> RAW DATA:
--
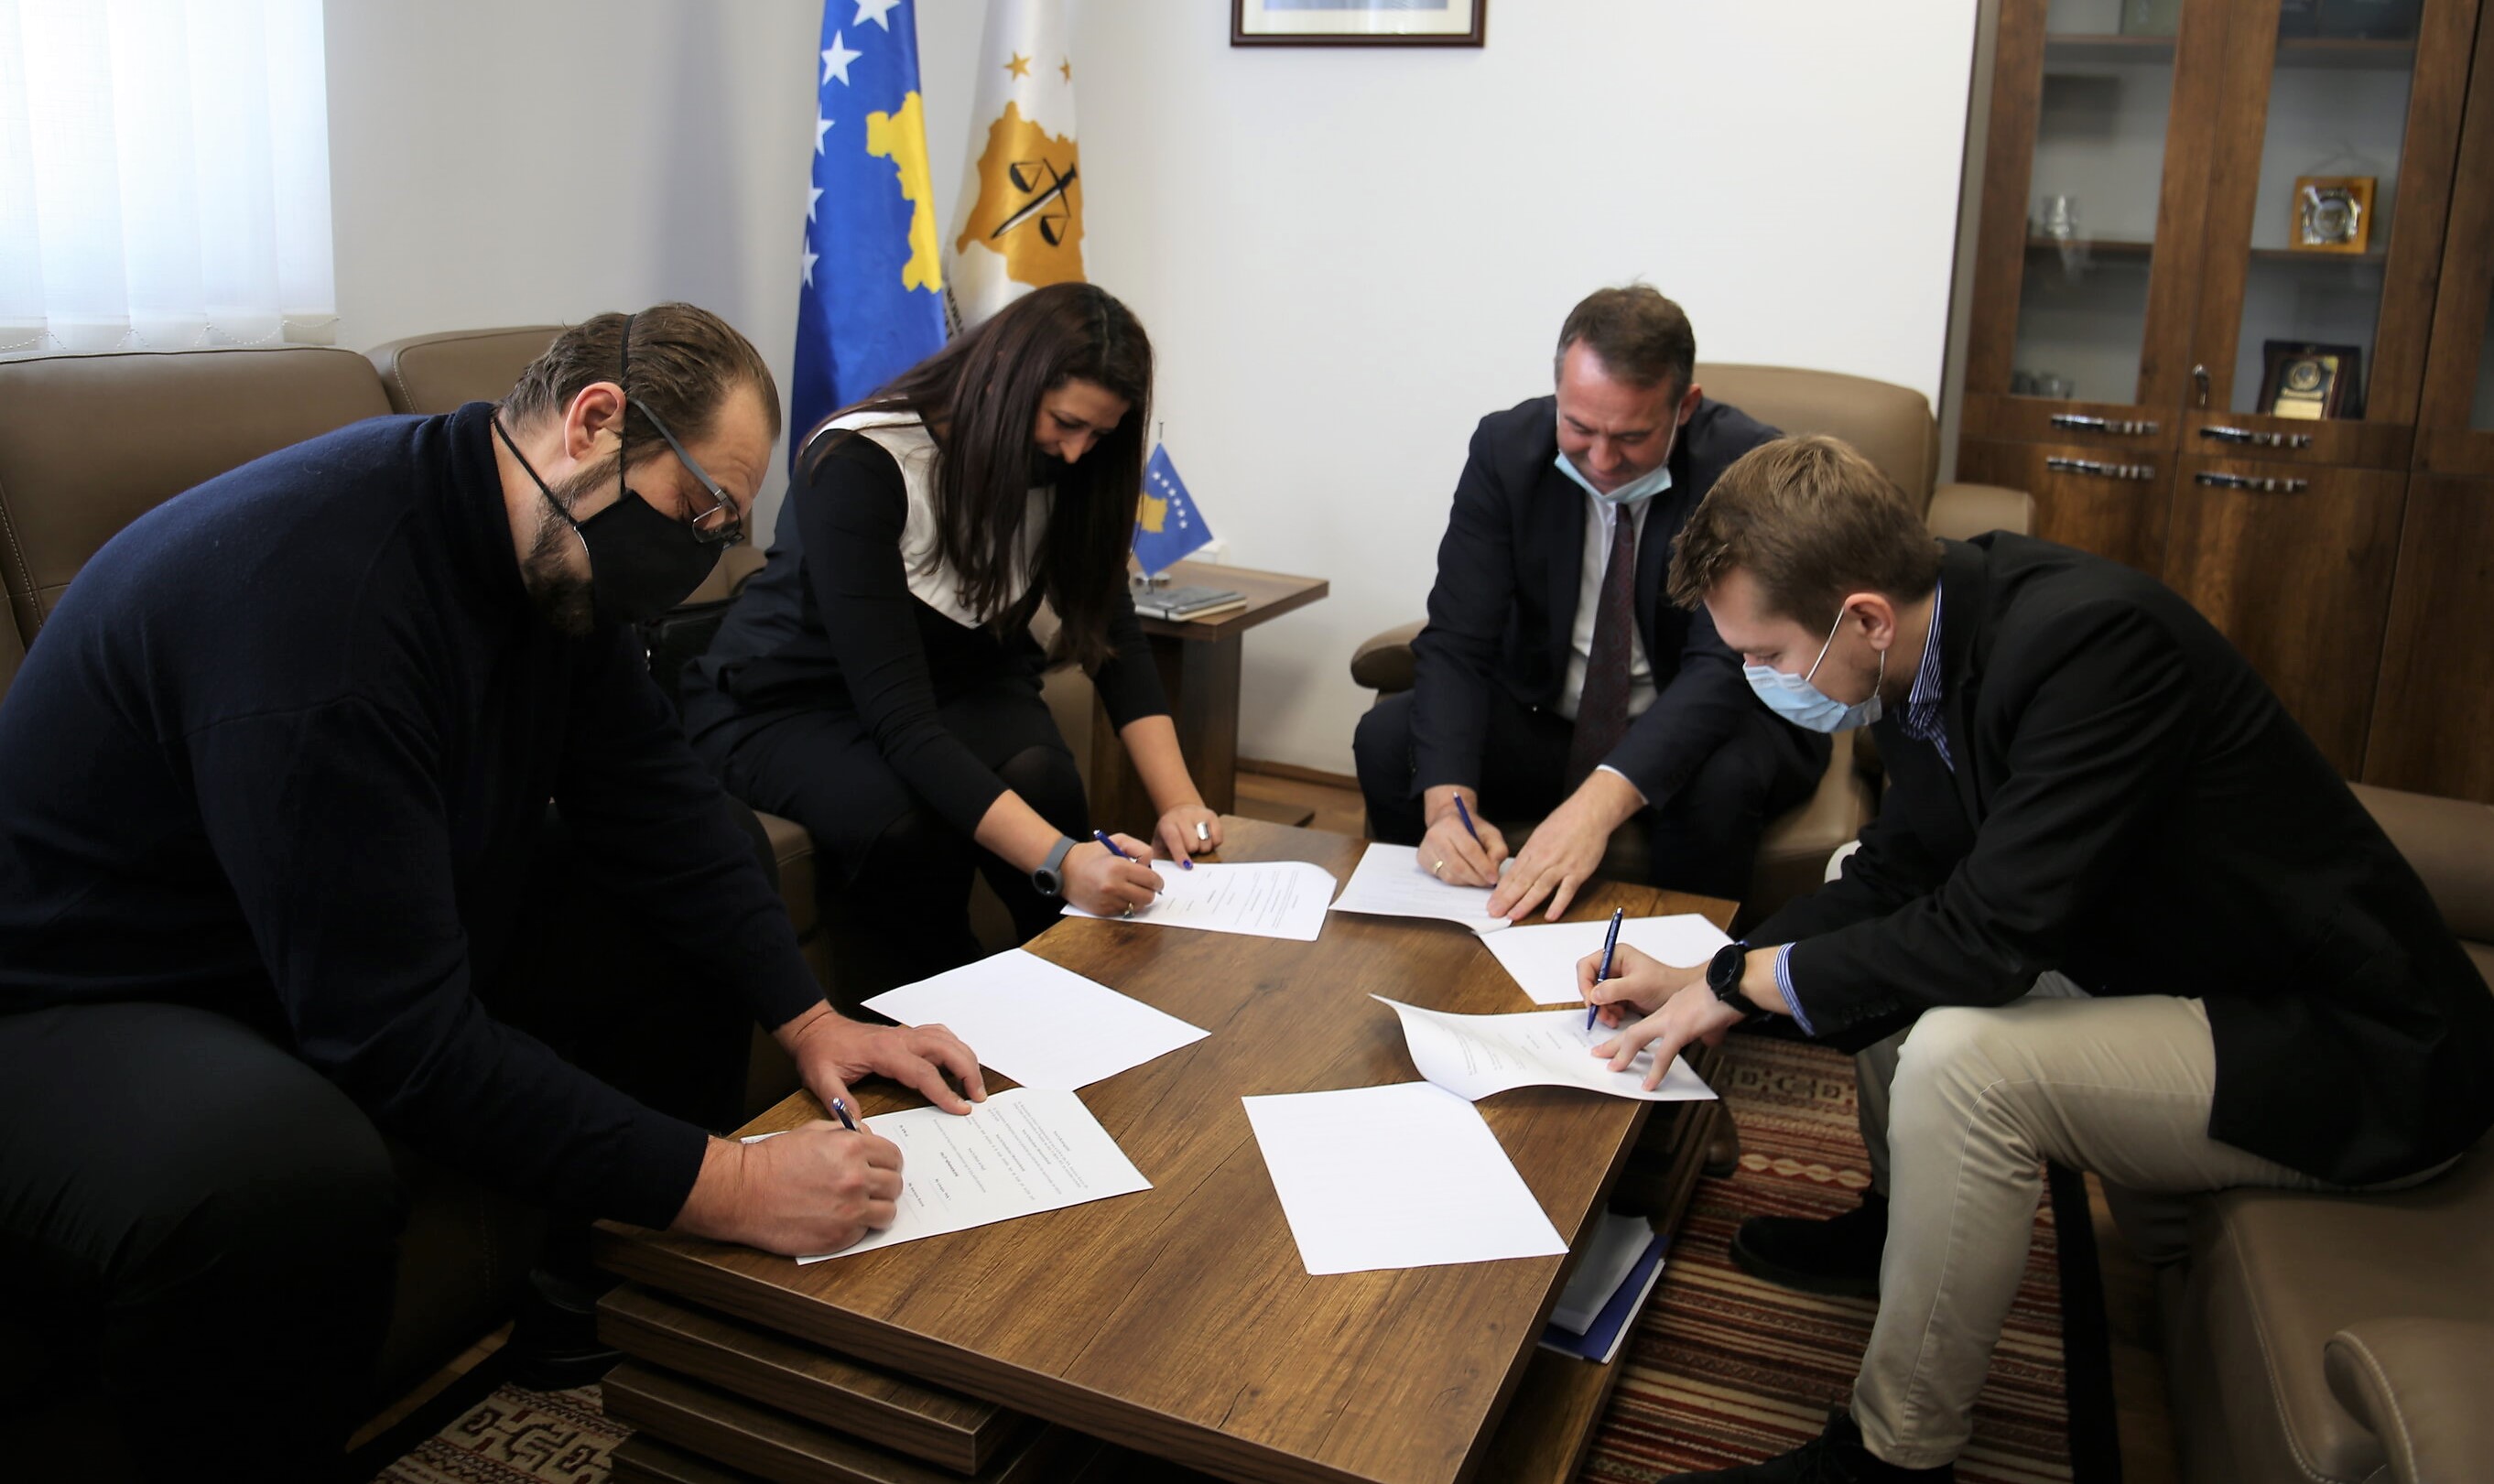 TSK, FOL, Internews Kosova i Debate Center potpisali su memorandum sporazuma
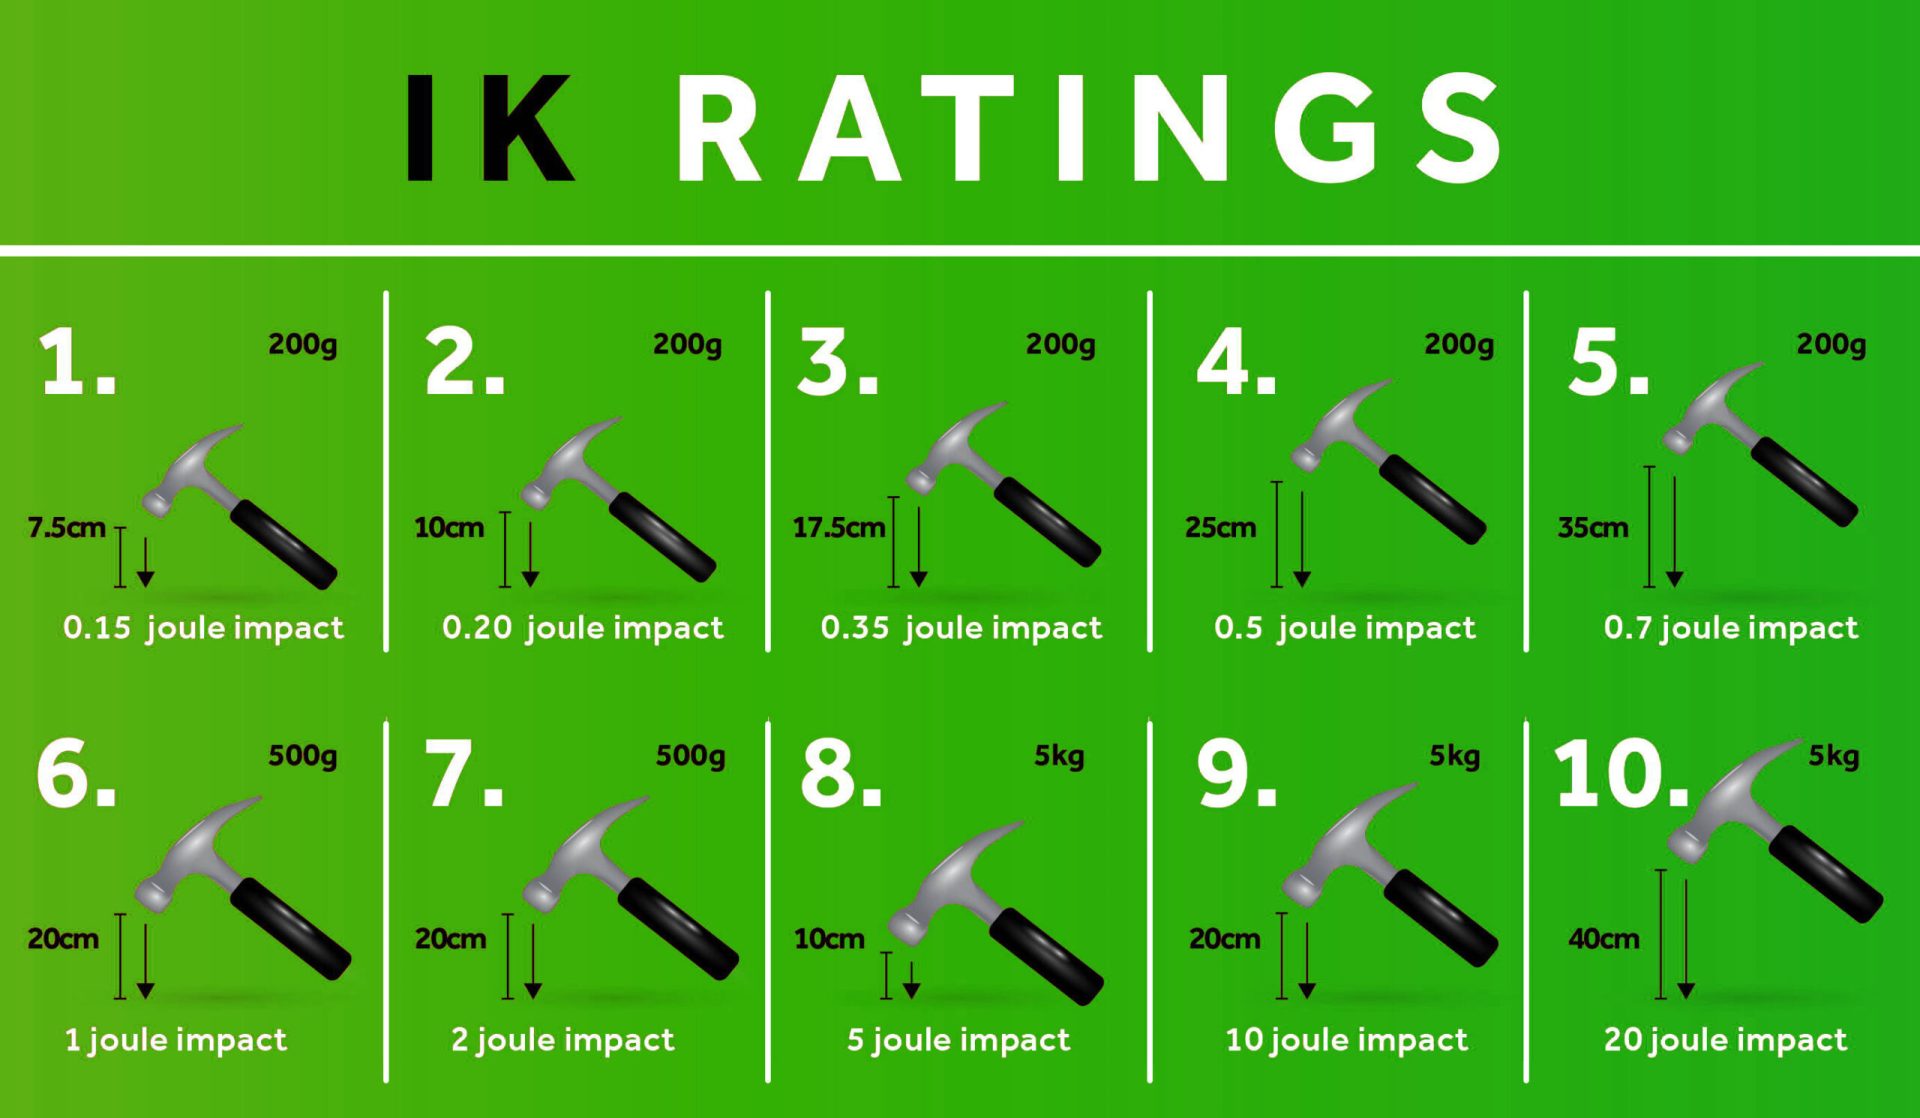 IK Ratings
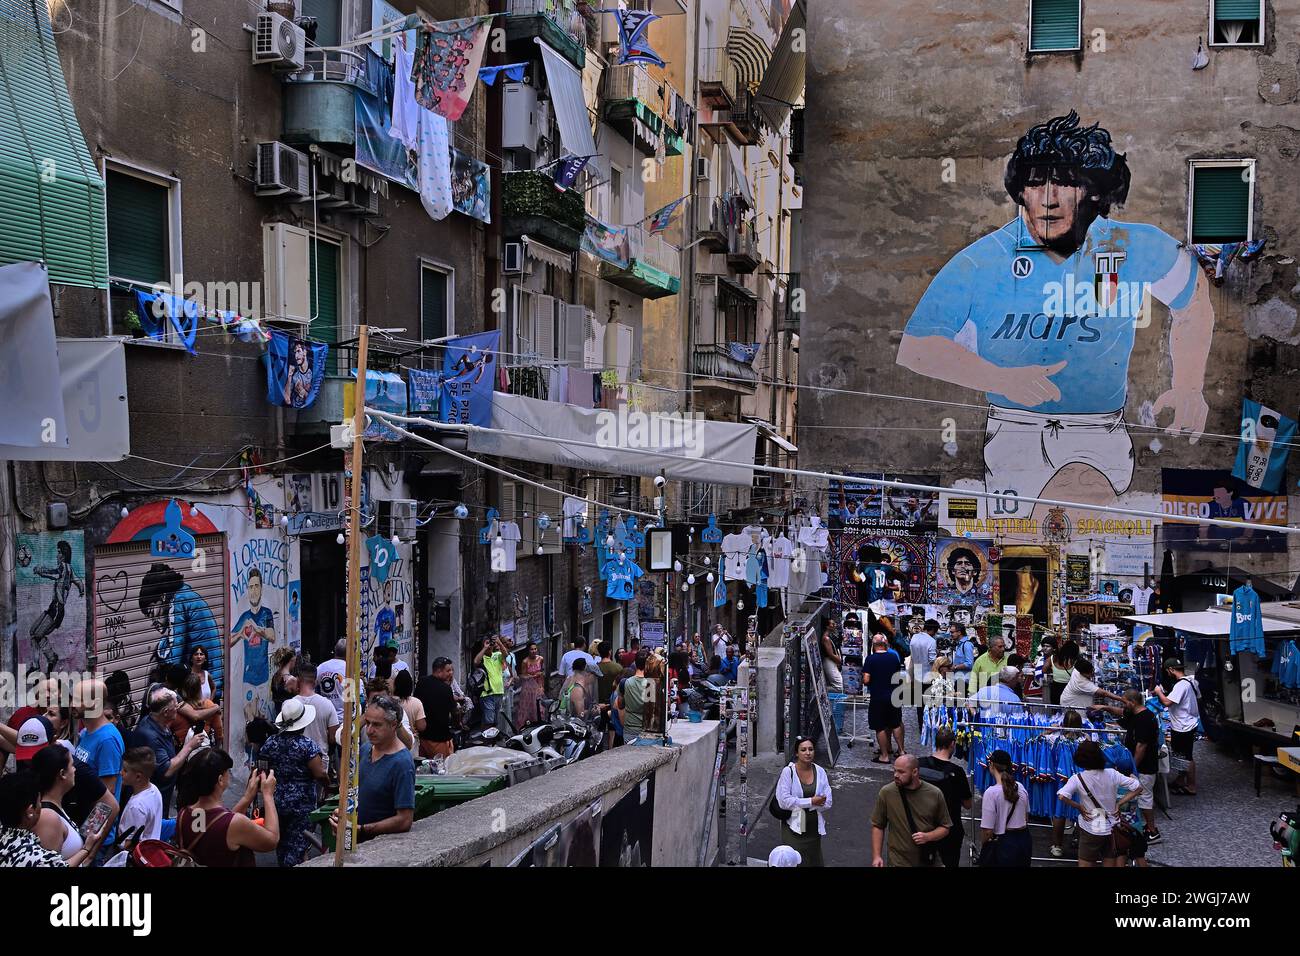 Murale Diego Armando Maradona - quartieri spagnoli (murale del quartiere spagnolo) Napoli, Italia, Napoli Campania Italia. Realizzato in occasione del secondo Scudetto di Napoli, nel 1990, il murale di Maradona si trova nei quartieri spagnoli ed è stato restaurato nel 2016 grazie ai contributi dei cittadini della zona Foto Stock
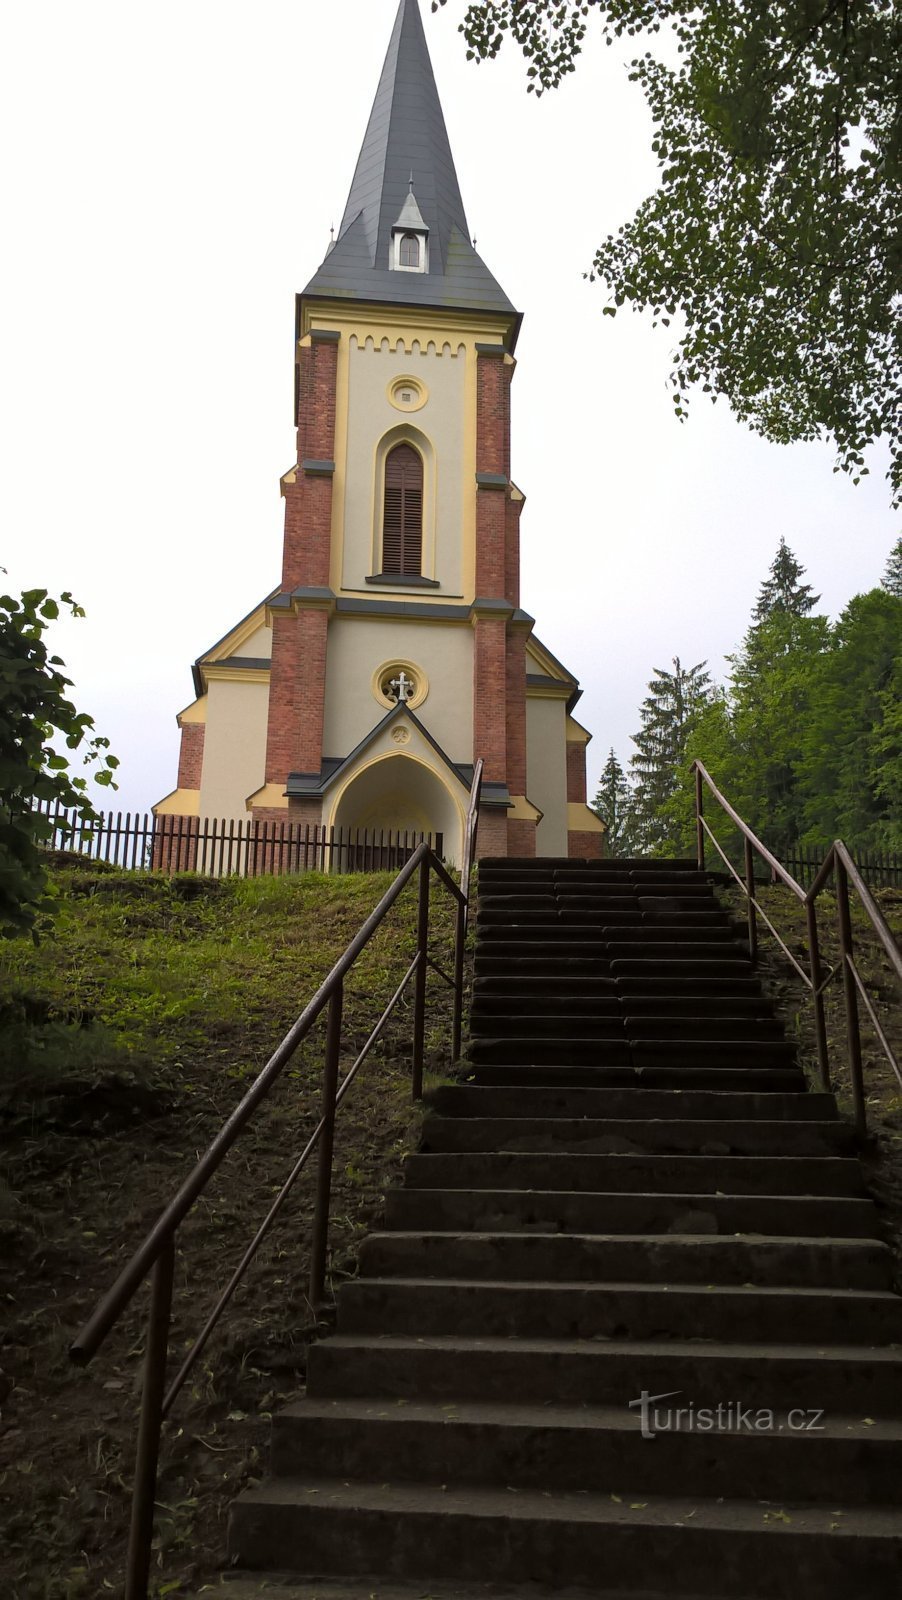 Stations of the Cross in Horní Lomná
--
> BRIEF: Every line above should be copied exactly, apart from any pictures.

> ANSWER FOR THIS EXERCISE:
 TSK, FOL, Internews Kosova i Debate Center potpisali su memorandum sporazuma
 IK Ratings
 Murale Diego Armando Maradona - quartieri spagnoli (murale del quartiere spagnolo) Napoli, Italia, Napoli Campania Italia. Realizzato in occasione del secondo Scudetto di Napoli, nel 1990, il murale di Maradona si trova nei quartieri spagnoli ed è stato restaurato nel 2016 grazie ai contributi dei cittadini della zona Foto Stock
 Stations of the Cross in Horní Lomná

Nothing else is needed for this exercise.